Nein, der Mensch existiert heute nicht mehr. Er zu aller erst Angehöriger eines Volkes, einer Religion, einer Partei, einer Firma, einer Familie oder sonst einer Interessengemeinschaft. Einen Menschen findet man hinter all diesen Fassaden schon lange nicht mehr. Es sind aller nur noch Schauspieler und Schausteller. Die Glück und Hoffnung verkaufen, wie eine Ware - und ihre Geschenke und Pakete finden reissenden Absatz. Wer das größte Paket schnürt, von dem die meisten glauben, es sei Hoffnung drin, bekommt selbst noch das letzte Hemd von diesen armseligen Menschen, die keine mehr sind, sondern nur noch glauben sie seien welche.

Sie sind erfüllt von einer Moral, die ihnen erlaubt andere schlecht und noch schlechter zu behandelten; die ihnen erlaubt Unrecht als Recht zu tun. Mittlerweile ist diese angebliche Menschheit zu einem unerträglichen, sinkenden Haufen von Selbstverleugnung und Selbstgefälligkeit herangereift, die unsägliche Früchte des Hasses und der Rache in sich trägt und das auch noch Gerechtigkeit nennt.

Ein anständiger Mensch braucht keine Moral und keine Regeln, die ihm sagen, was richtig und falsch ist. Doch wer unter dem Joch des Eigentumsdenken leben will, muss sich selber Gesetze geben, damit er im Wettbewerb sich den anderen ohne schlechtes Gewissen unterwerfen kann.

Ja, wer einmal erkannte, dass die Moral das ist, was den Menschen schlecht und widerlich macht, empfindet nur noch Ekel vor dem was ihm einmal als Gerechtigkeit erschien. 

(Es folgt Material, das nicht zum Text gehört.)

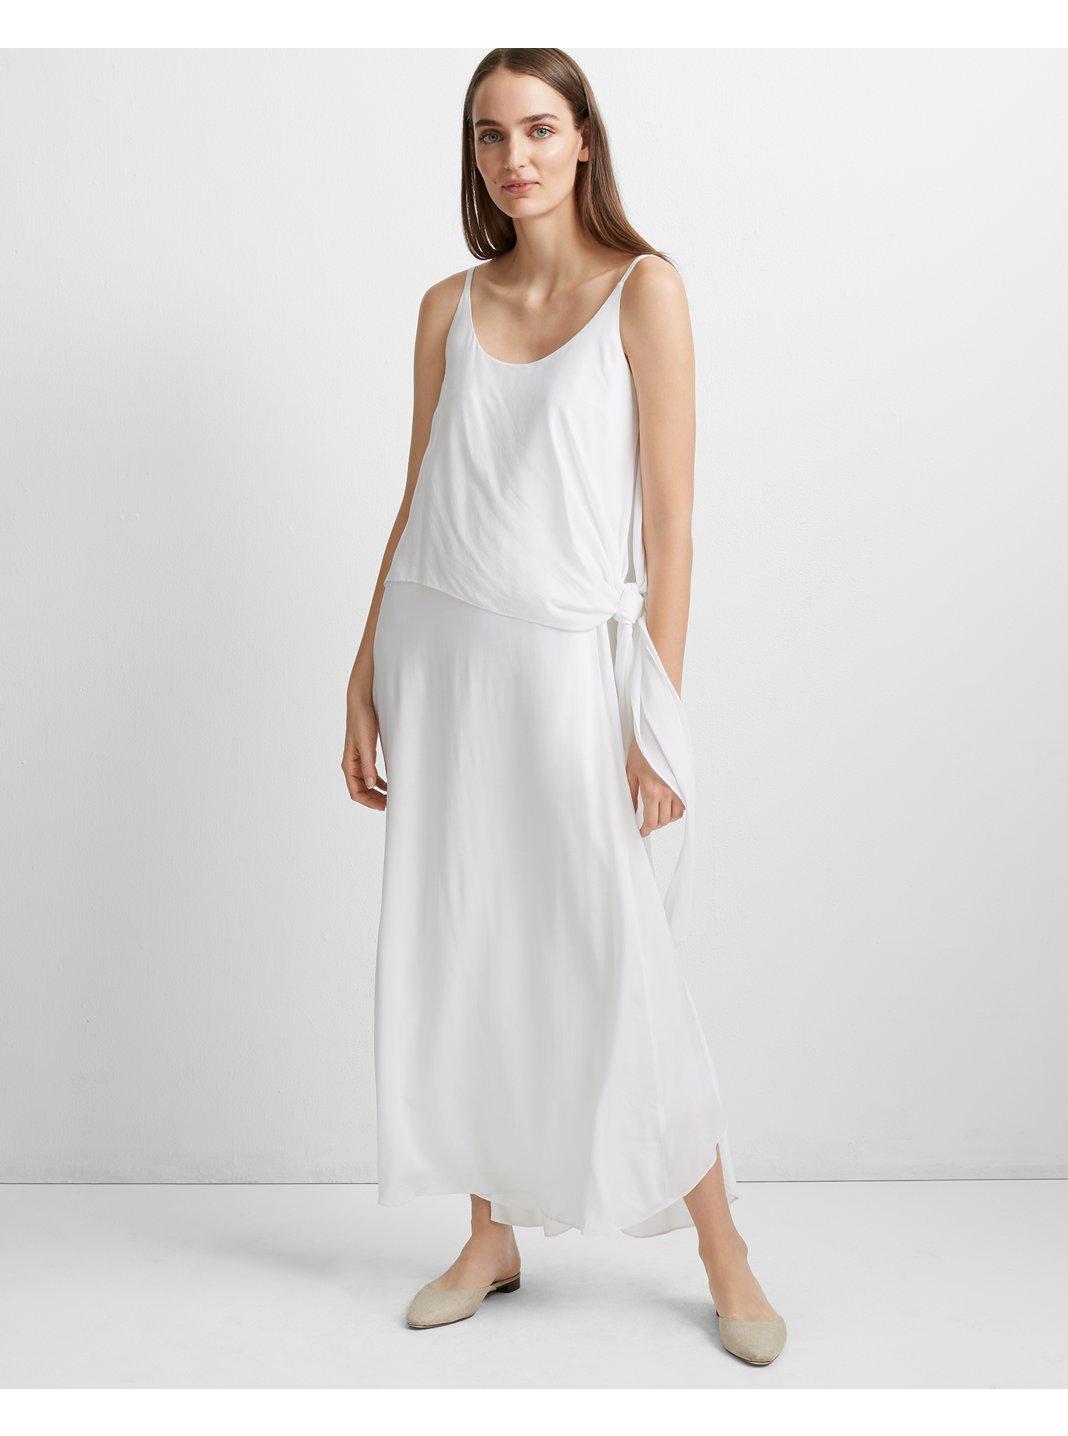 c2c78d304570 Thereeza Dress. EXTRA 30% OFF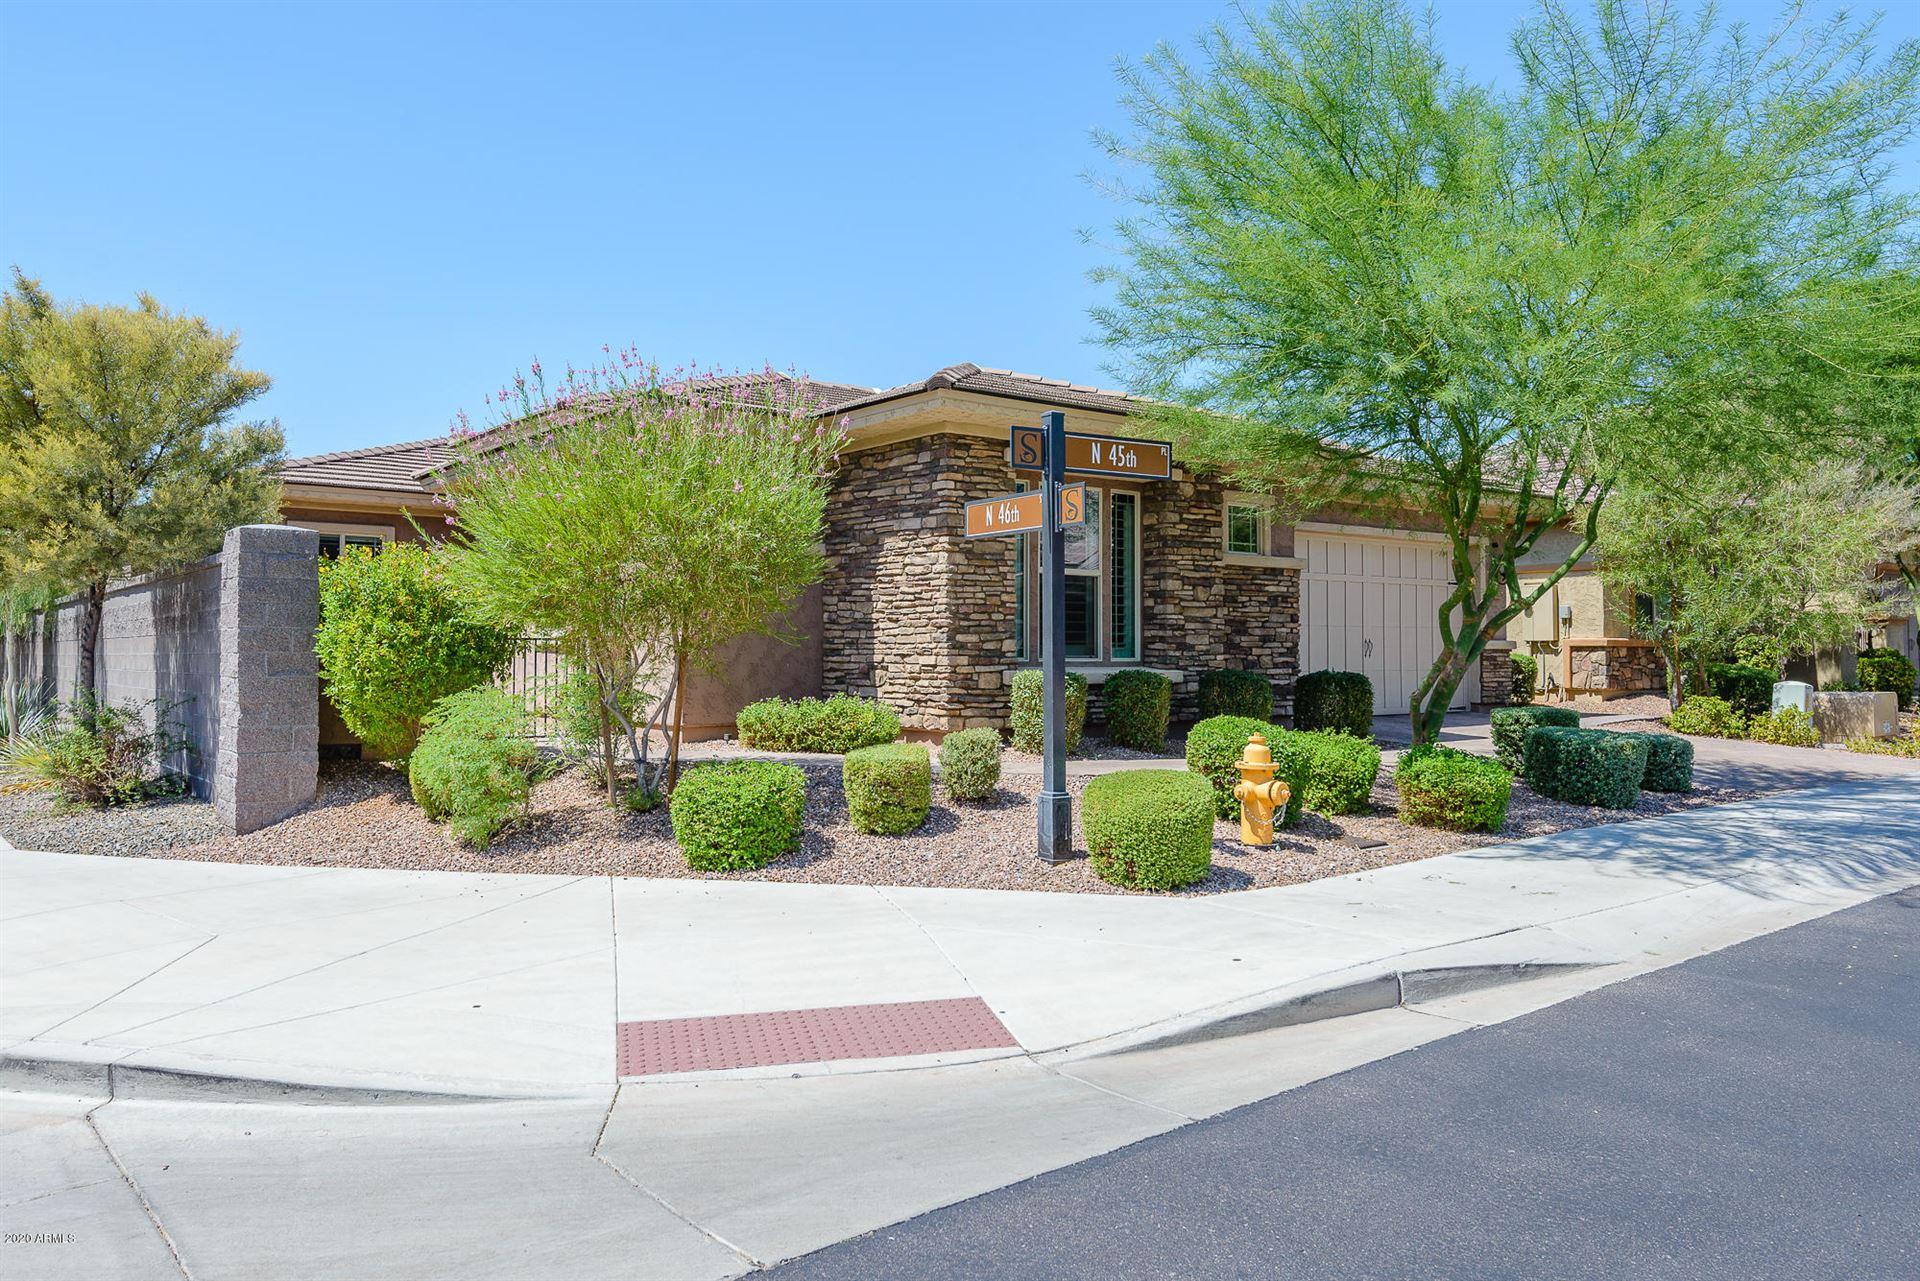 22910 N 45TH Place, Phoenix, AZ 85050 - MLS#: 6128185

Daher habe ich keine Lust mehr darauf, von Euch erzählt zu bekommen, was Gerechtigkeit ist. Es gibt bei Euch nur eine Gerechtigkeit, wenn ihr Euch arm denkt und gegen die Reichen wettert. Der Reiche darf dann keine Gerechtigkeit mehr erhoffen. Es gibt für Euch nur dann Gerechtigkeit, wenn ihr Euch als Deutsche denkt. Der Rest der Welt darf dann keine Gerechtigkeit mehr einfordern. Das verstieße gegen die Regeln.

Also lasst mich in Ruhe mit Euren Regeln und Eurer Moral. Sie sind nichts wert. Sie sind es nicht einmal Wert erörtert zu werden.